[[ Source data, beginning ]]
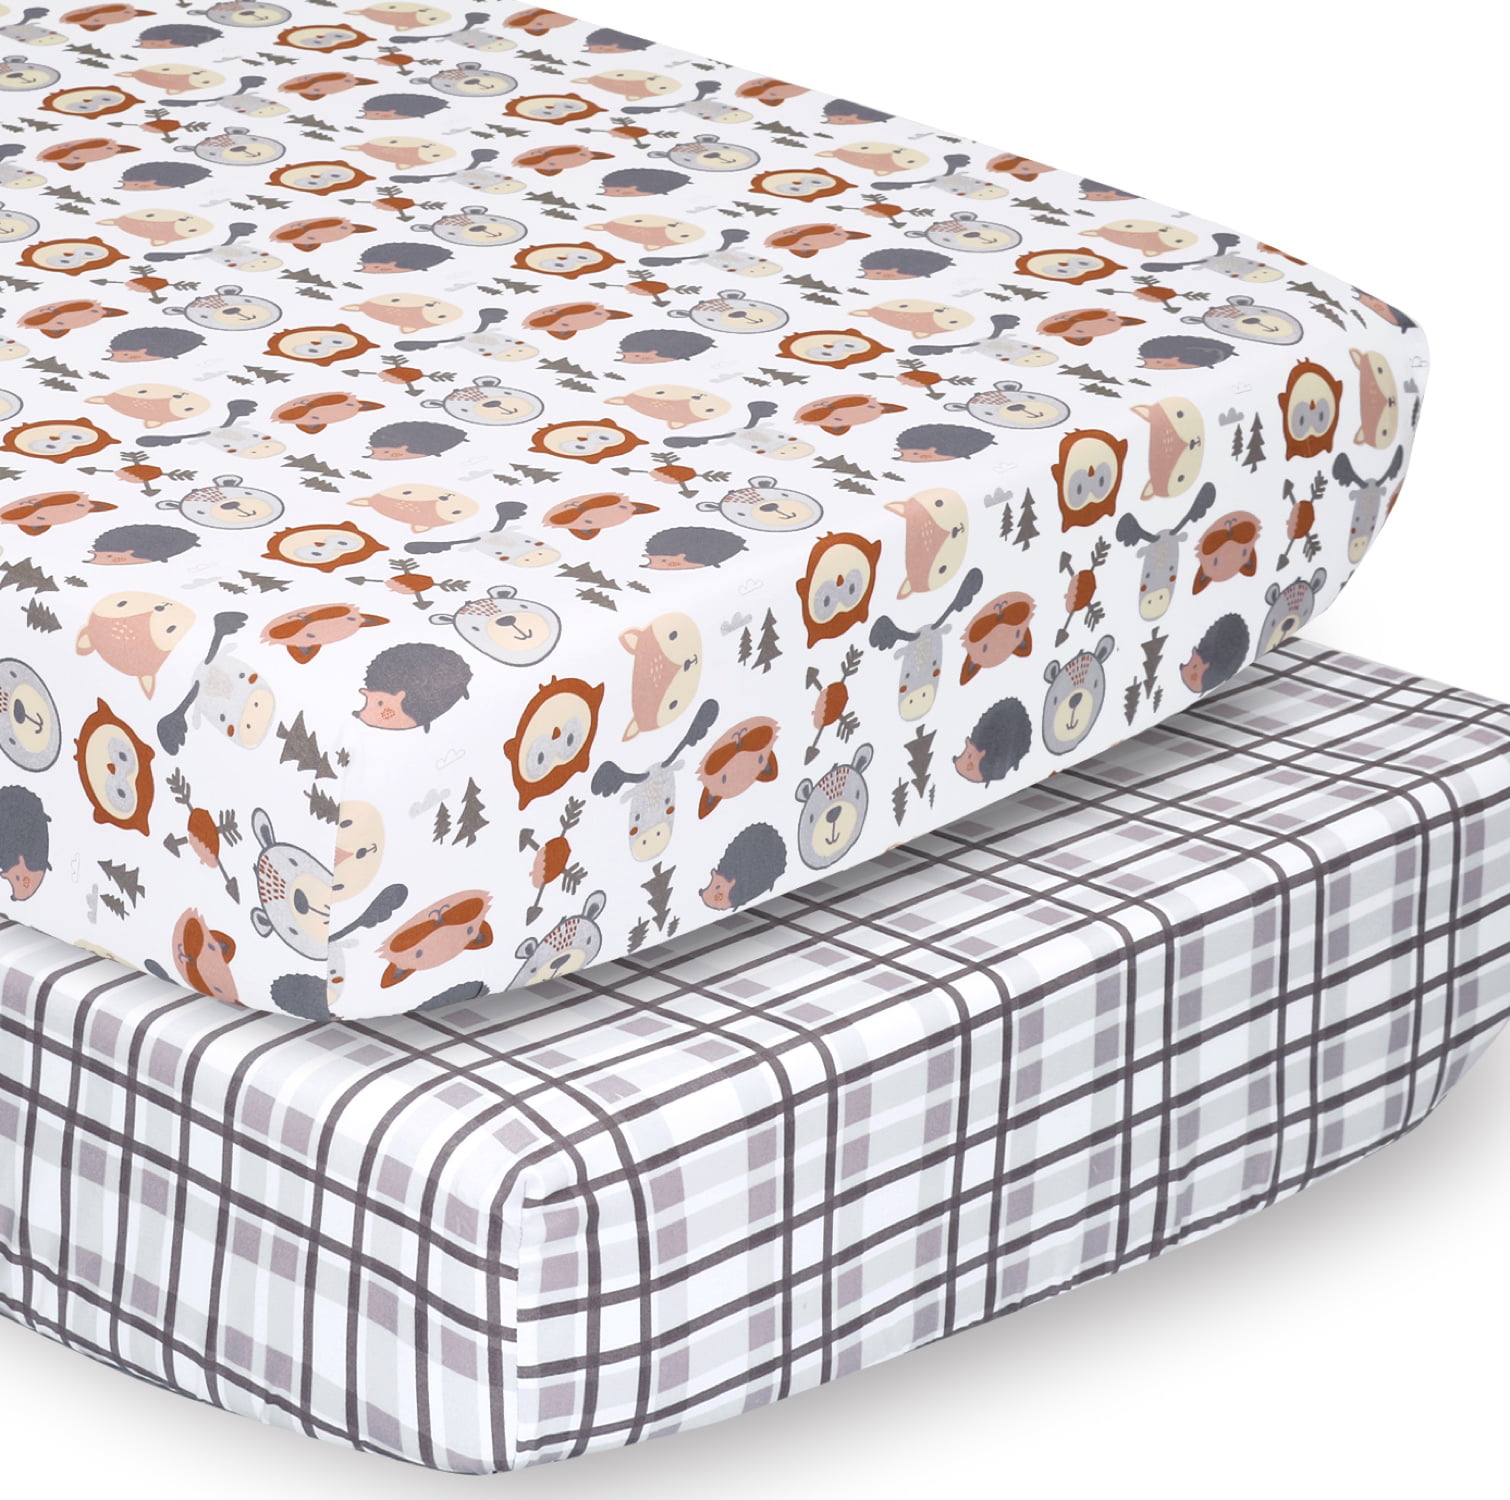 Fits Standard Crib Mattresses The Peanutshell Fitted Crib Sheet Set for Baby Boys or Girls 2 Pack Sheets in Plaid & Farm Themes 
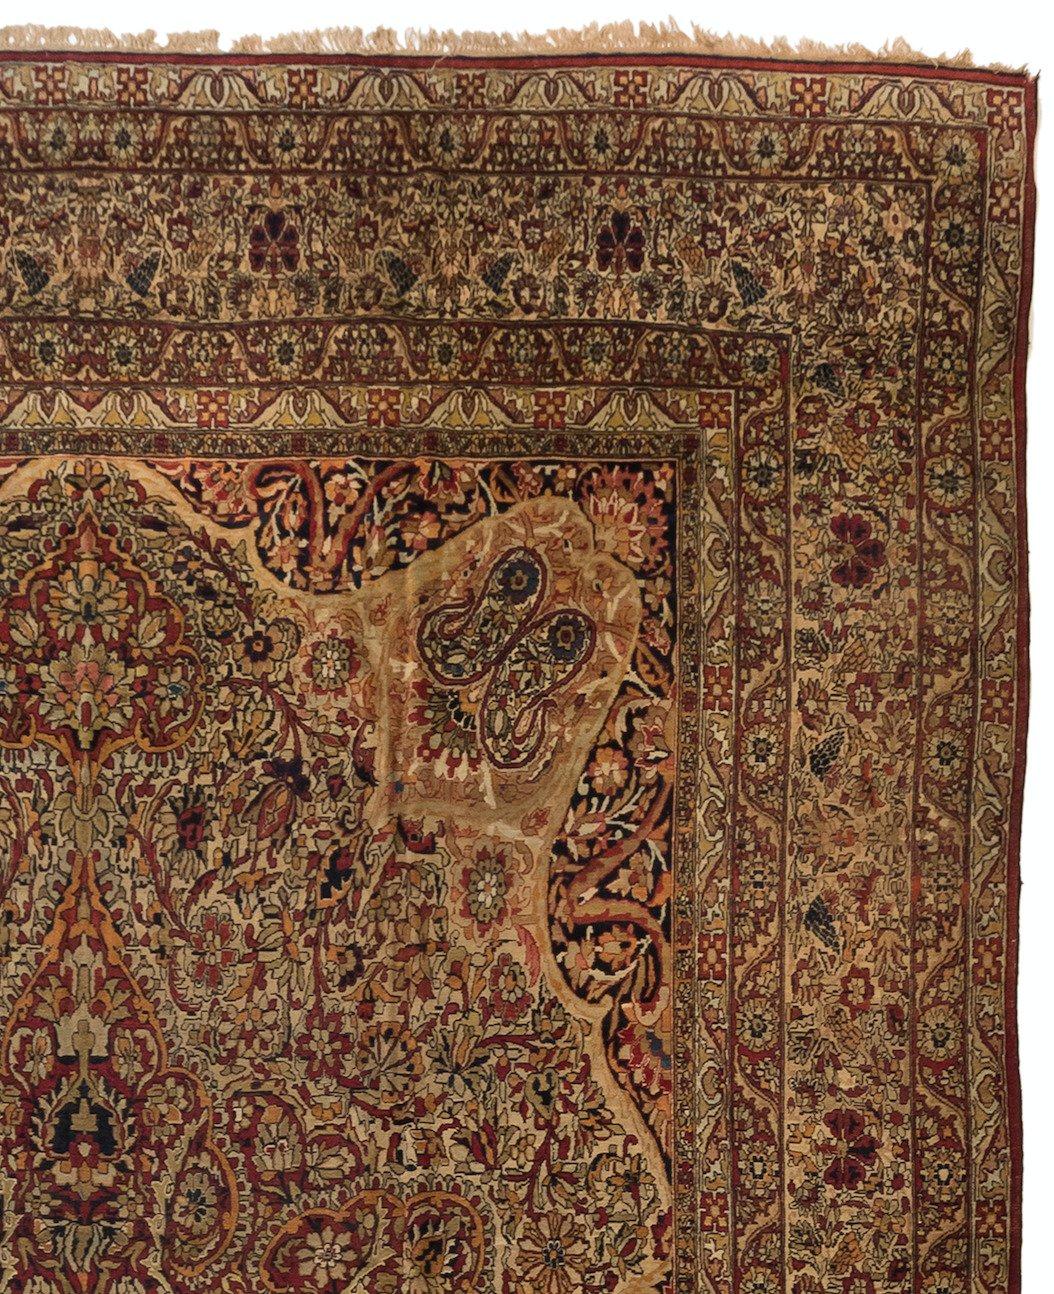 Hand-Knotted Antique Persian Gold Floral Kirman Lavar Rug, circa 1880s-1900s For Sale
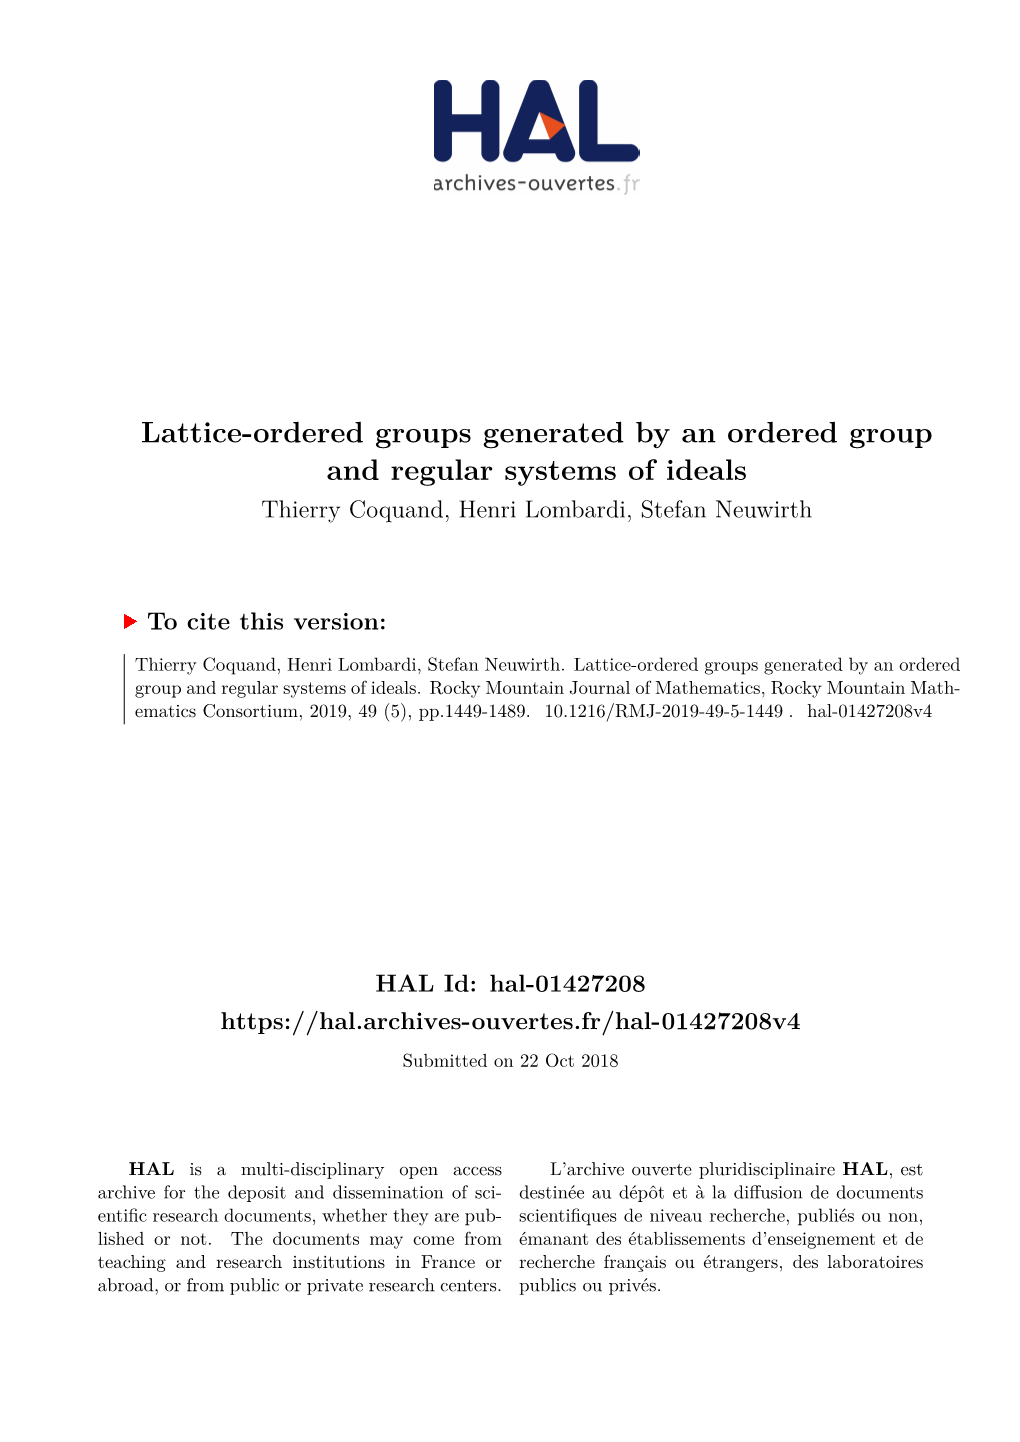 Lattice-Ordered Groups Generated by an Ordered Group and Regular Systems of Ideals Thierry Coquand, Henri Lombardi, Stefan Neuwirth
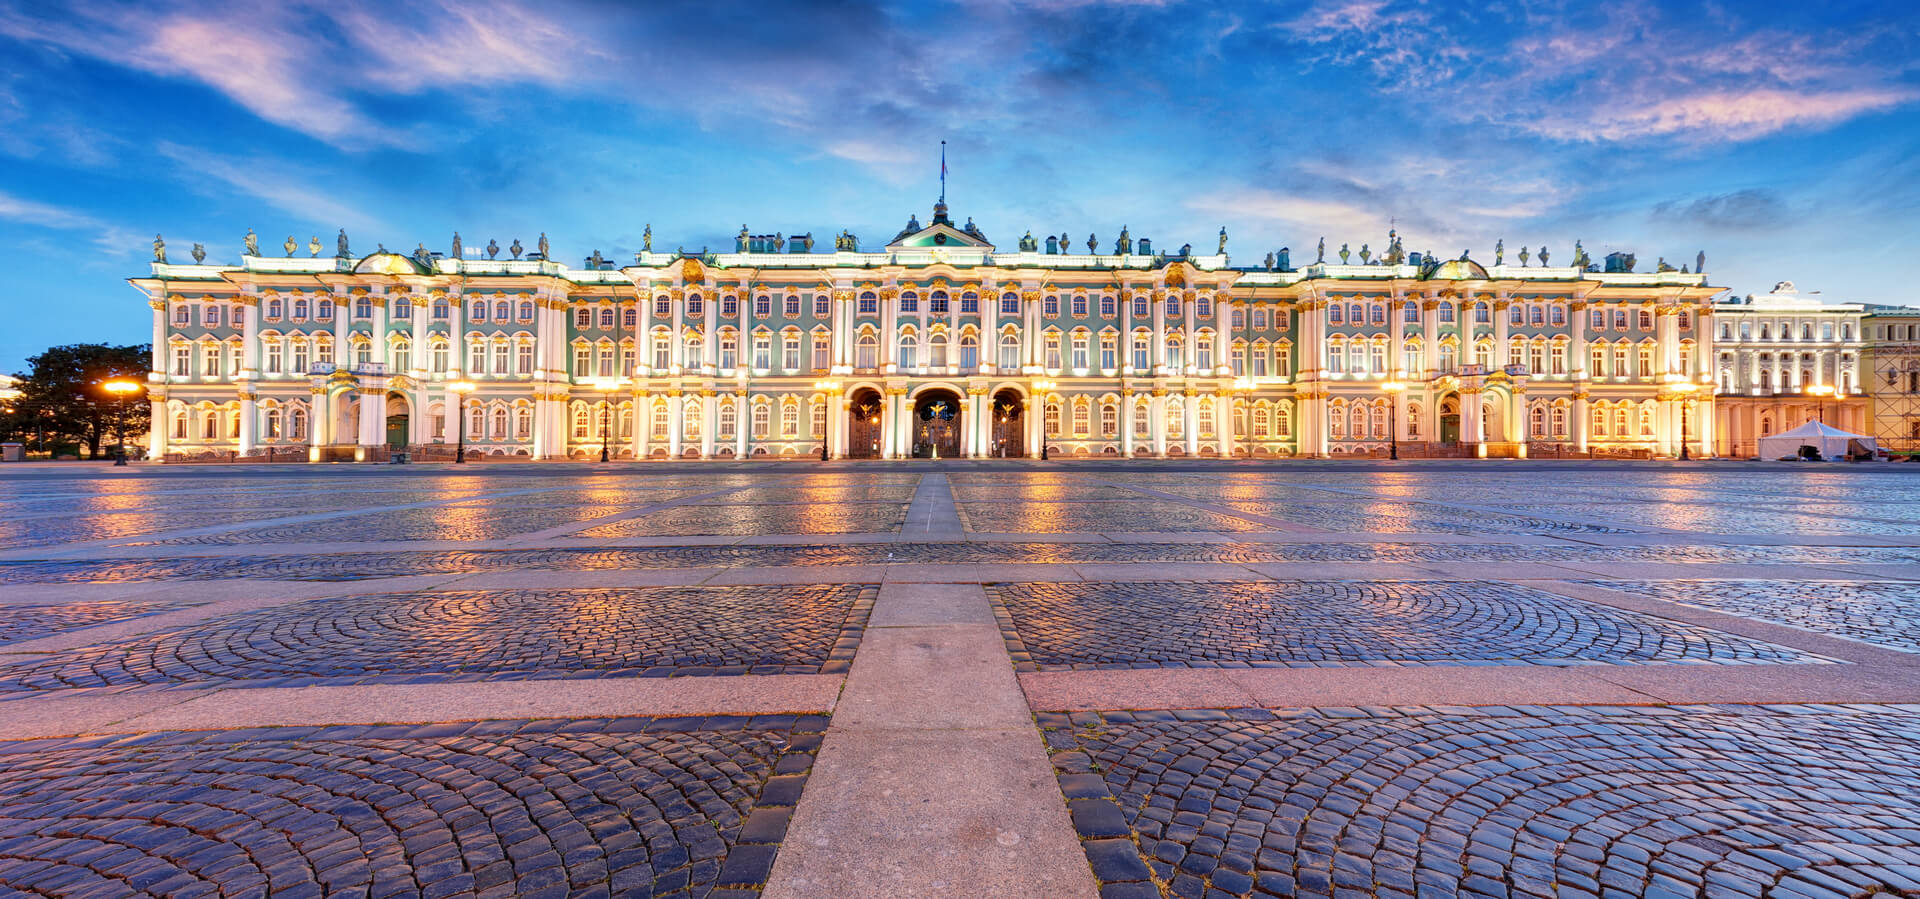 Winter Palace, house of the Hermitage Museum, iconic landmark in St. Petersburg, Russia
[[ Source data, end ]]
# [Task item]
Repeat the data above exactly, but not the pictures.

# [Finished task]
 Fits Standard Crib Mattresses The Peanutshell Fitted Crib Sheet Set for Baby Boys or Girls 2 Pack Sheets in Plaid & Farm Themes 
 Hand-Knotted Antique Persian Gold Floral Kirman Lavar Rug, circa 1880s-1900s For Sale
 Lattice-Ordered Groups Generated by an Ordered Group and Regular Systems of Ideals Thierry Coquand, Henri Lombardi, Stefan Neuwirth
 Winter Palace, house of the Hermitage Museum, iconic landmark in St. Petersburg, Russia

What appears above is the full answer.